• Work instruction: Reproduce the listing below exactly, except for its pictures.

• Recorded data:
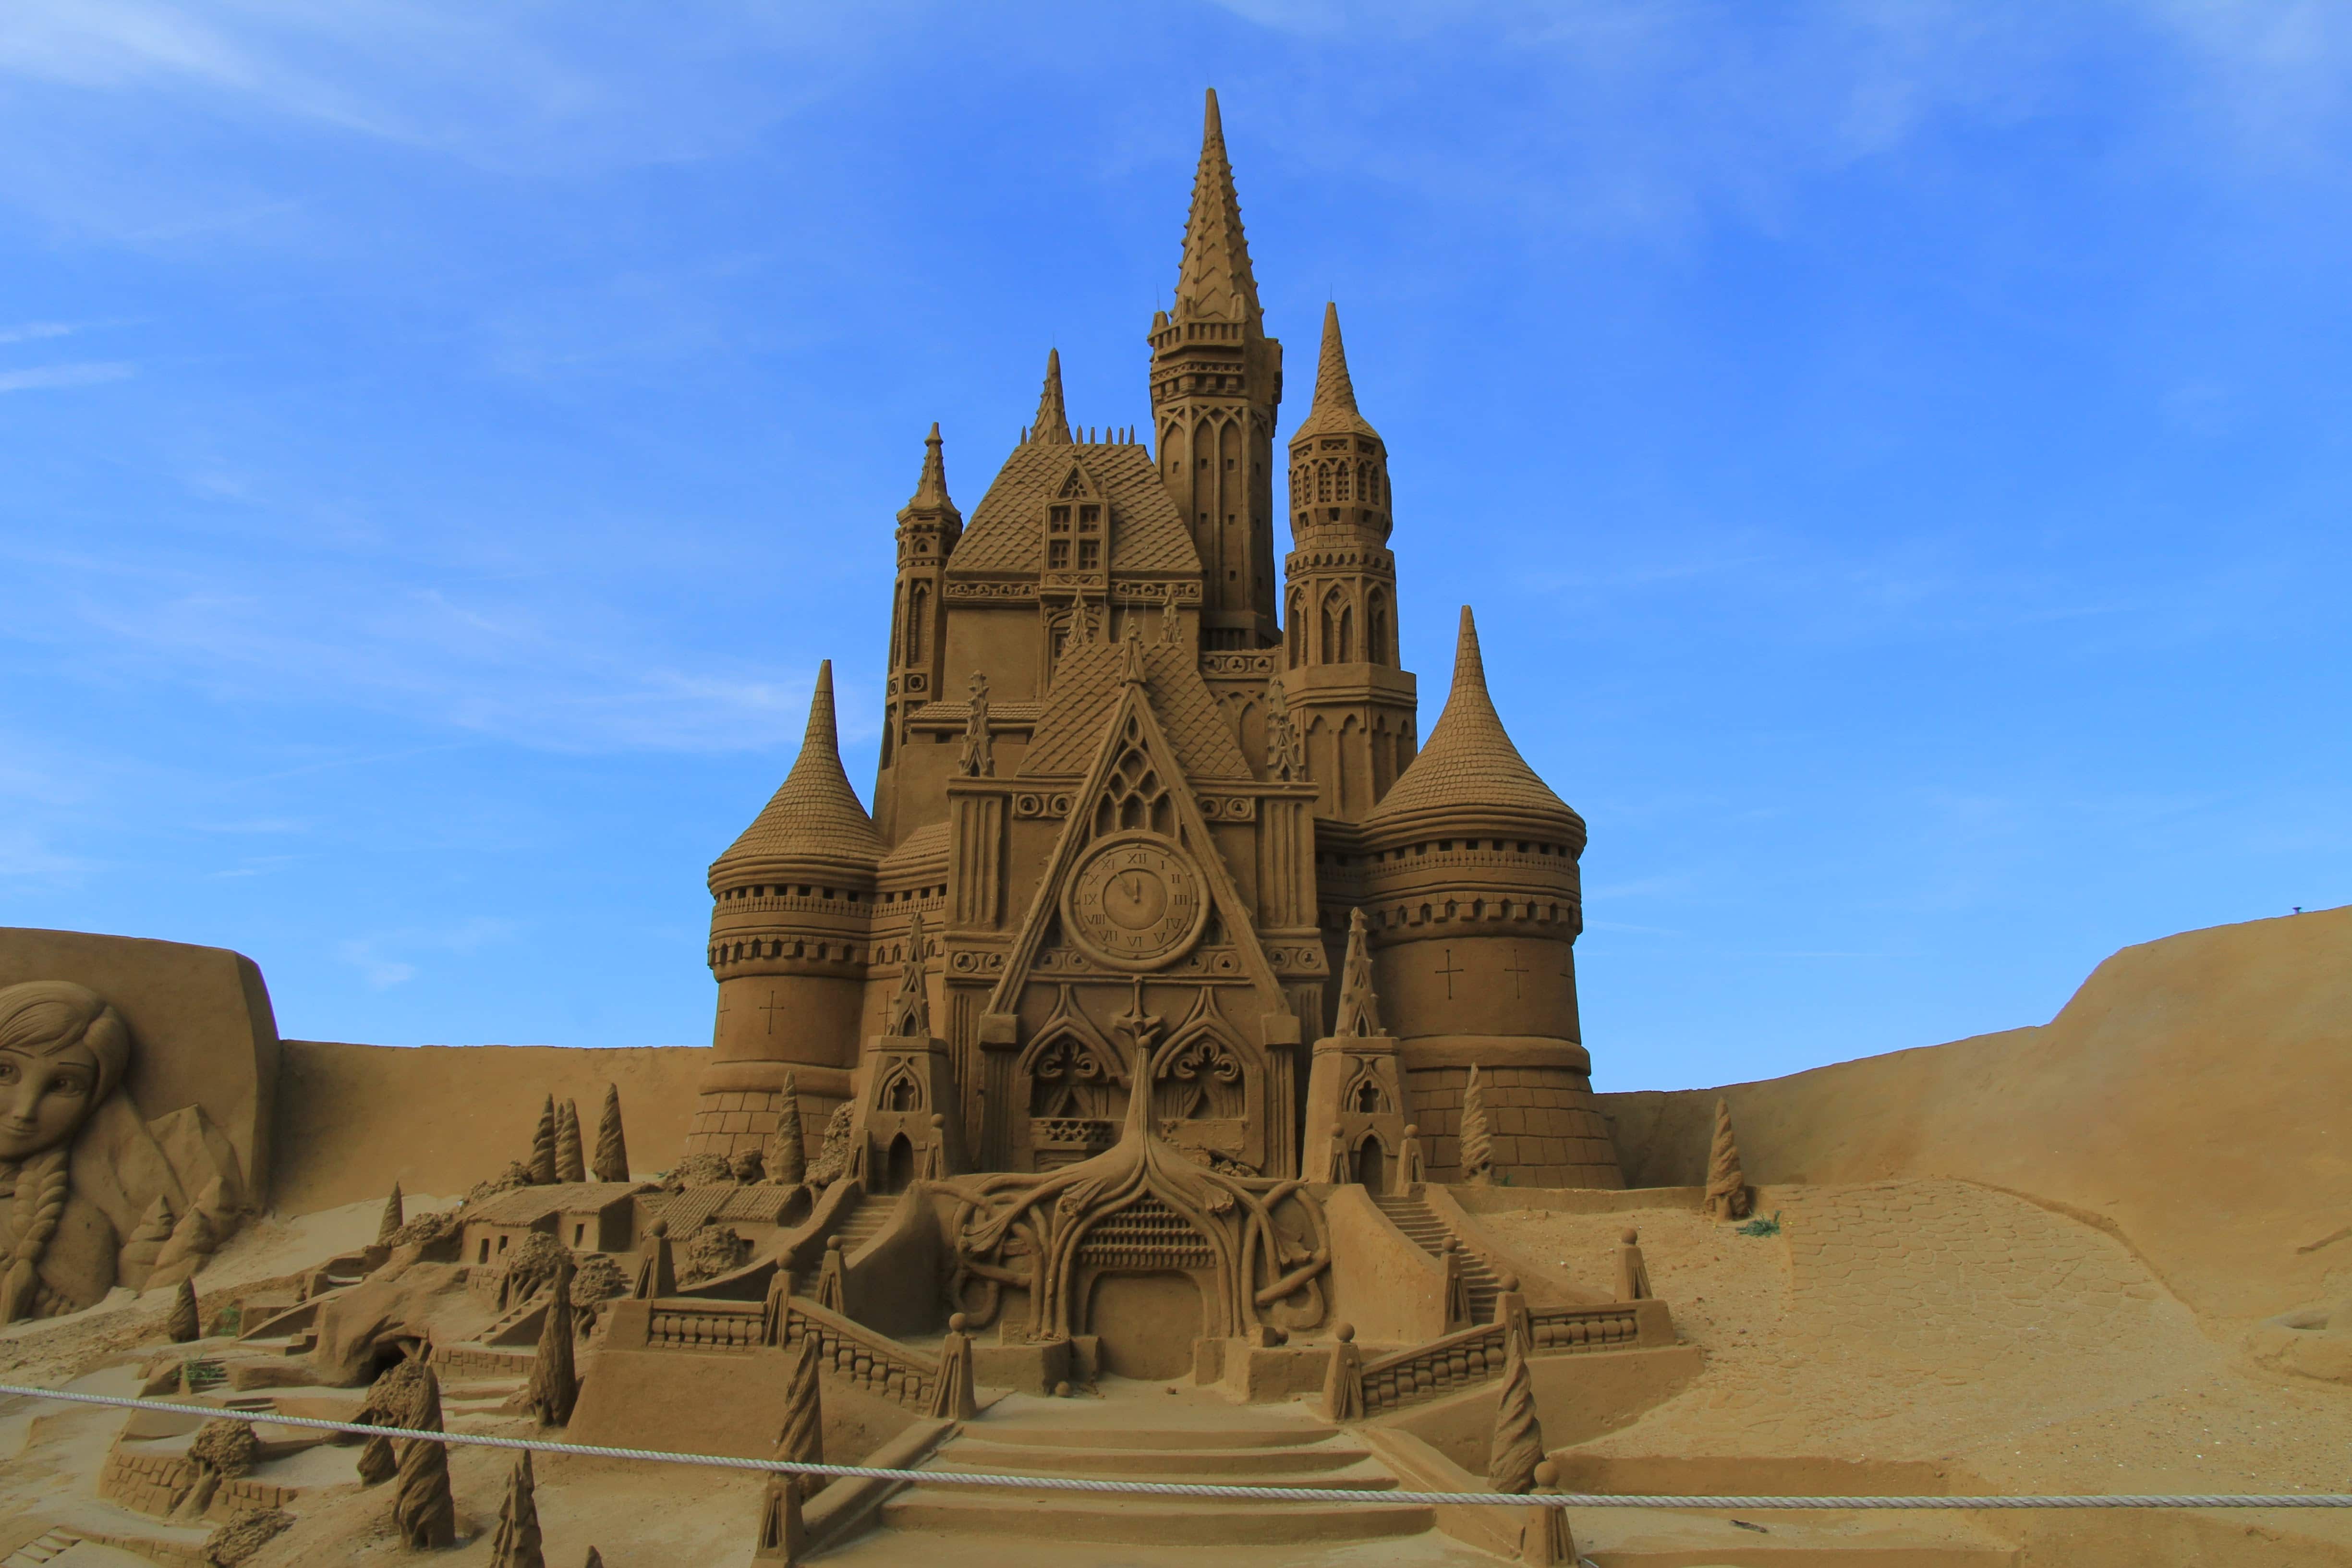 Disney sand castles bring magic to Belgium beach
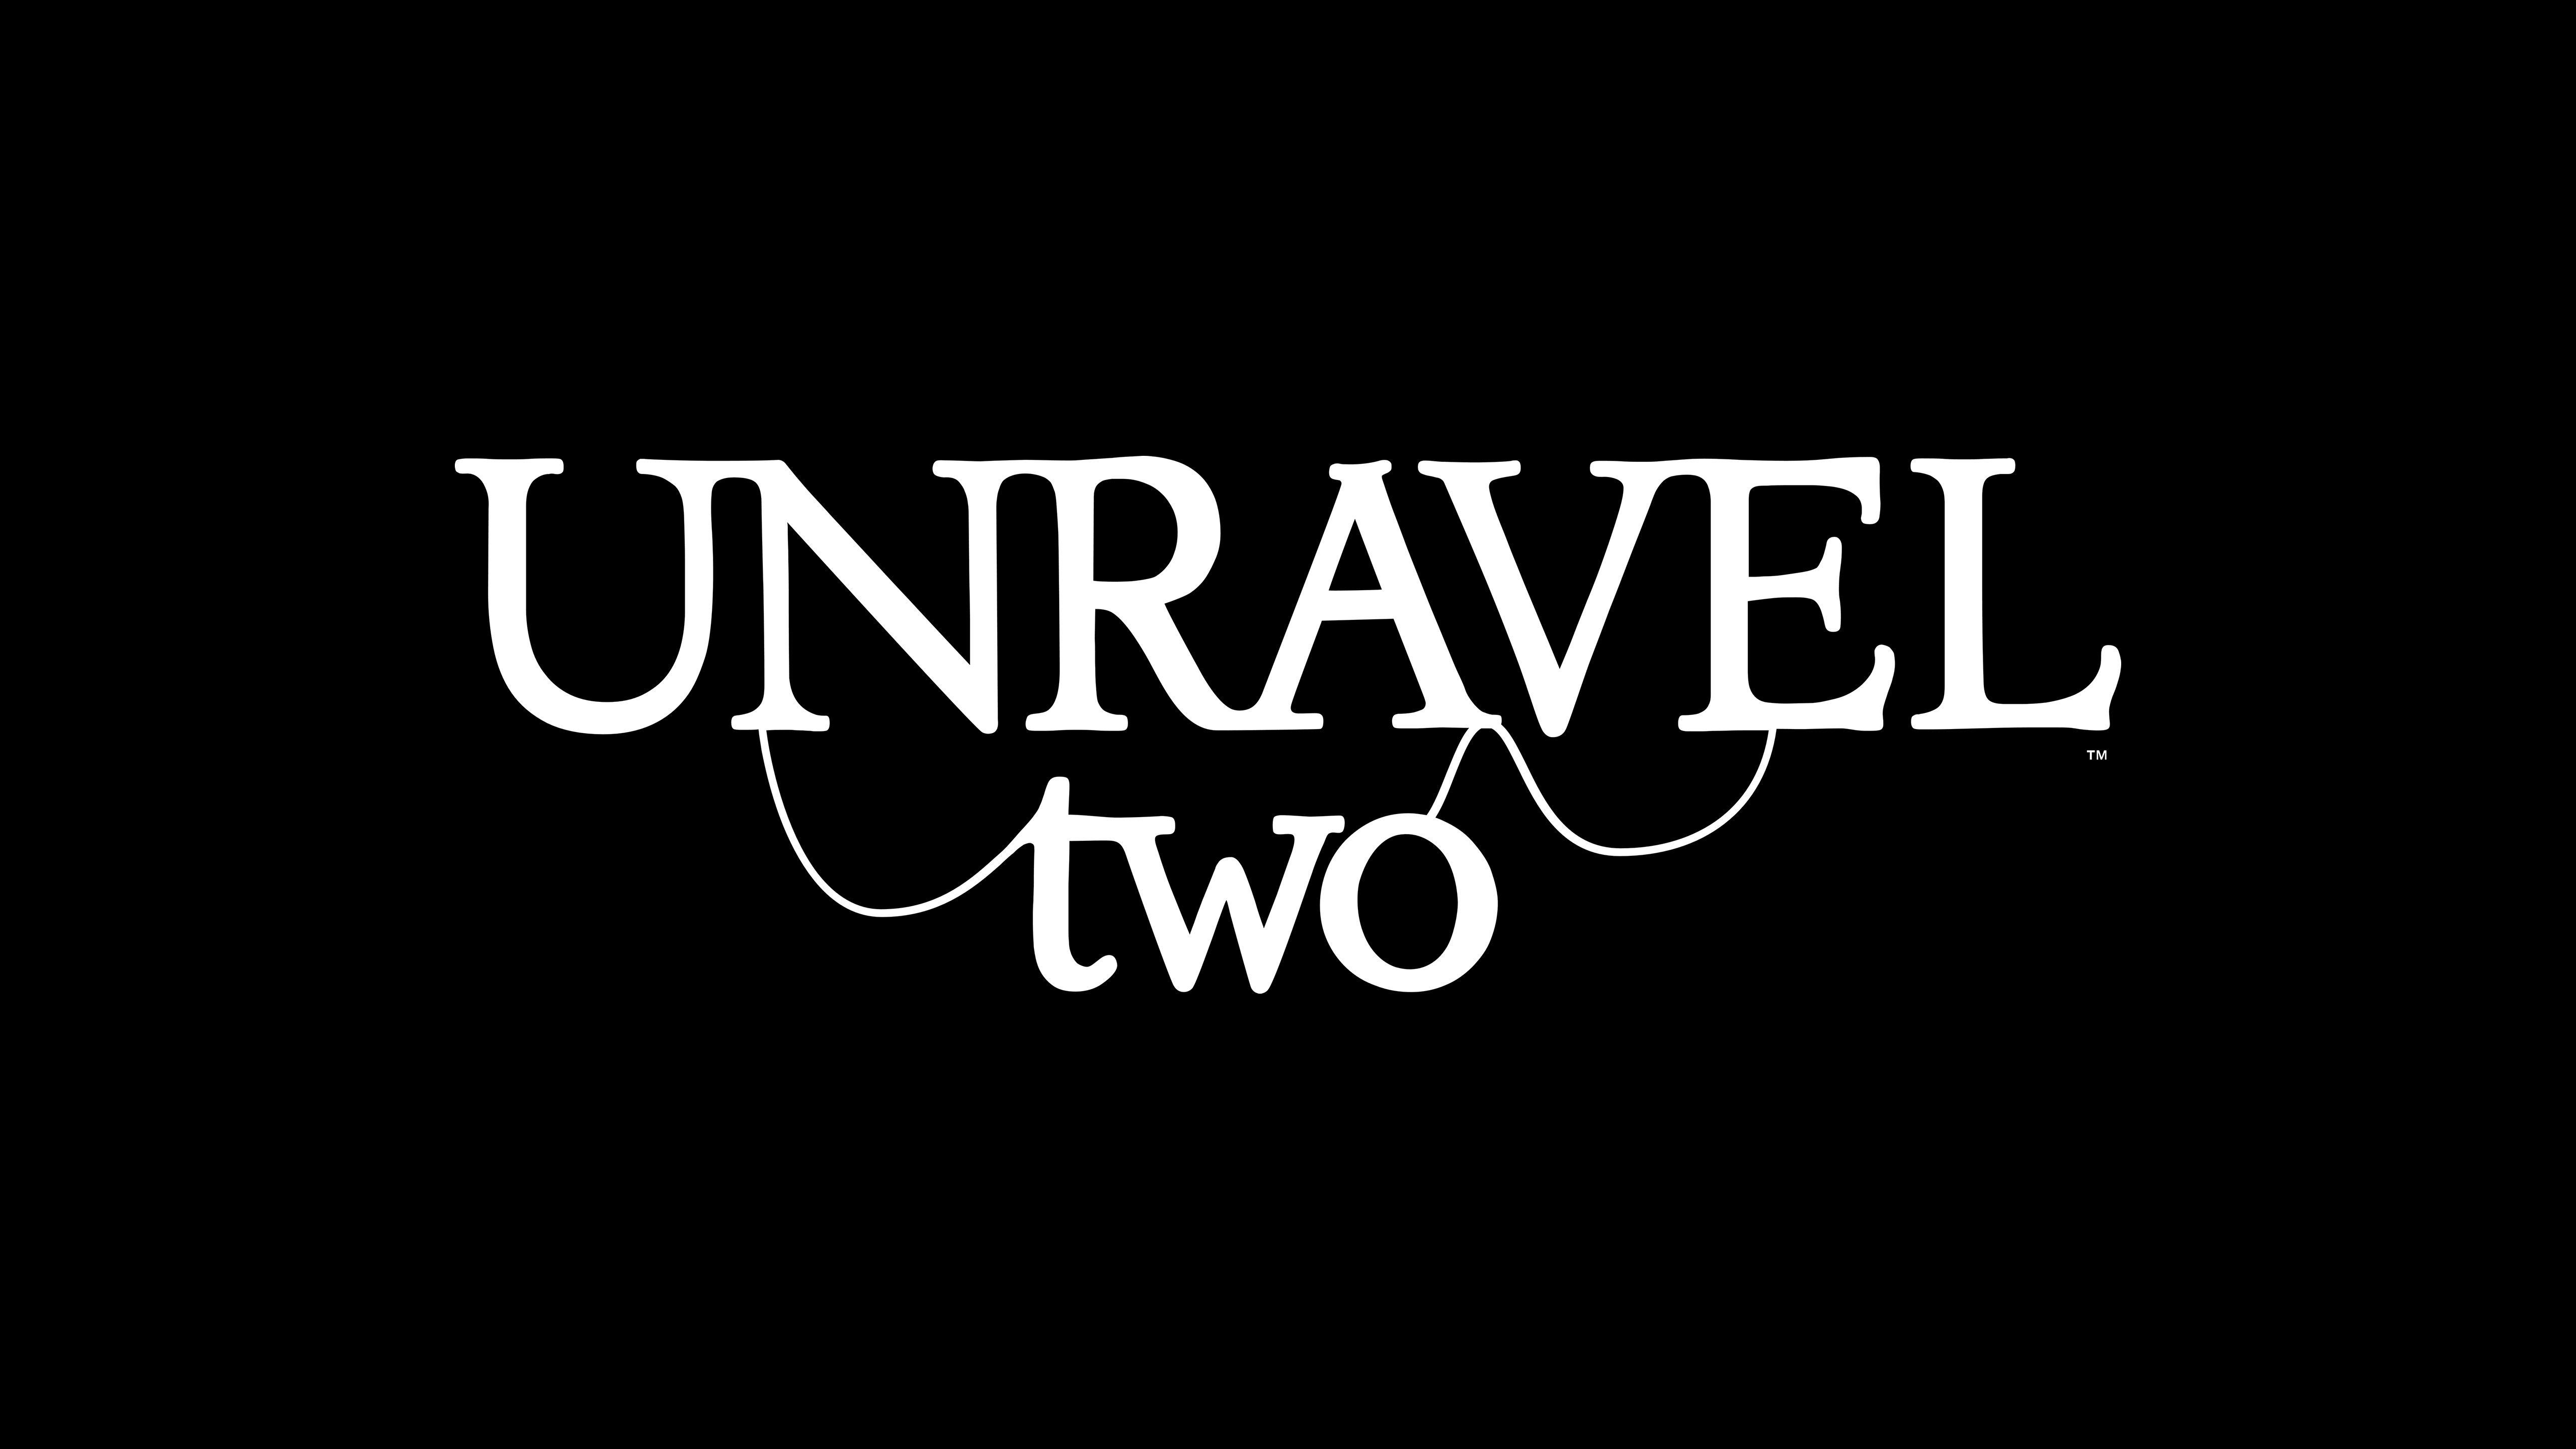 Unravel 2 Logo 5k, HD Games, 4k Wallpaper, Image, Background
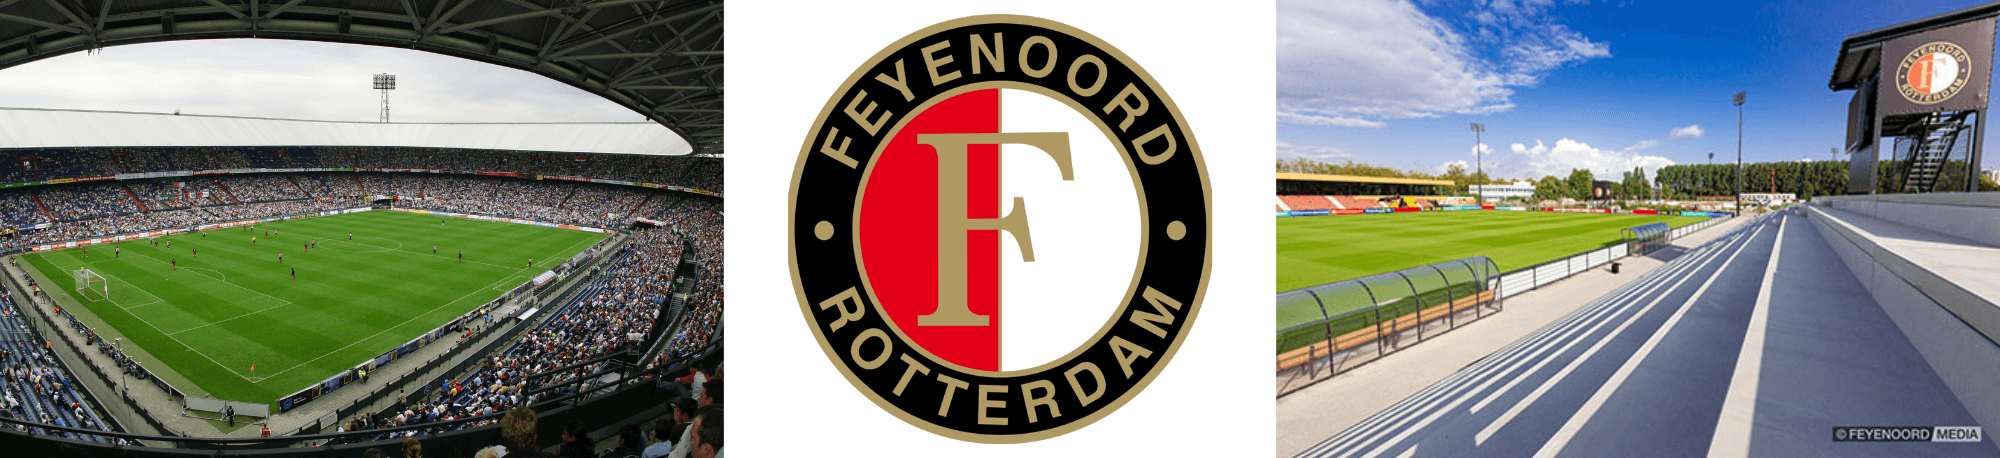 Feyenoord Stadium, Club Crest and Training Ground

• Problem solution:
 Disney sand castles bring magic to Belgium beach
 Unravel 2 Logo 5k, HD Games, 4k Wallpaper, Image, Background
 Feyenoord Stadium, Club Crest and Training Ground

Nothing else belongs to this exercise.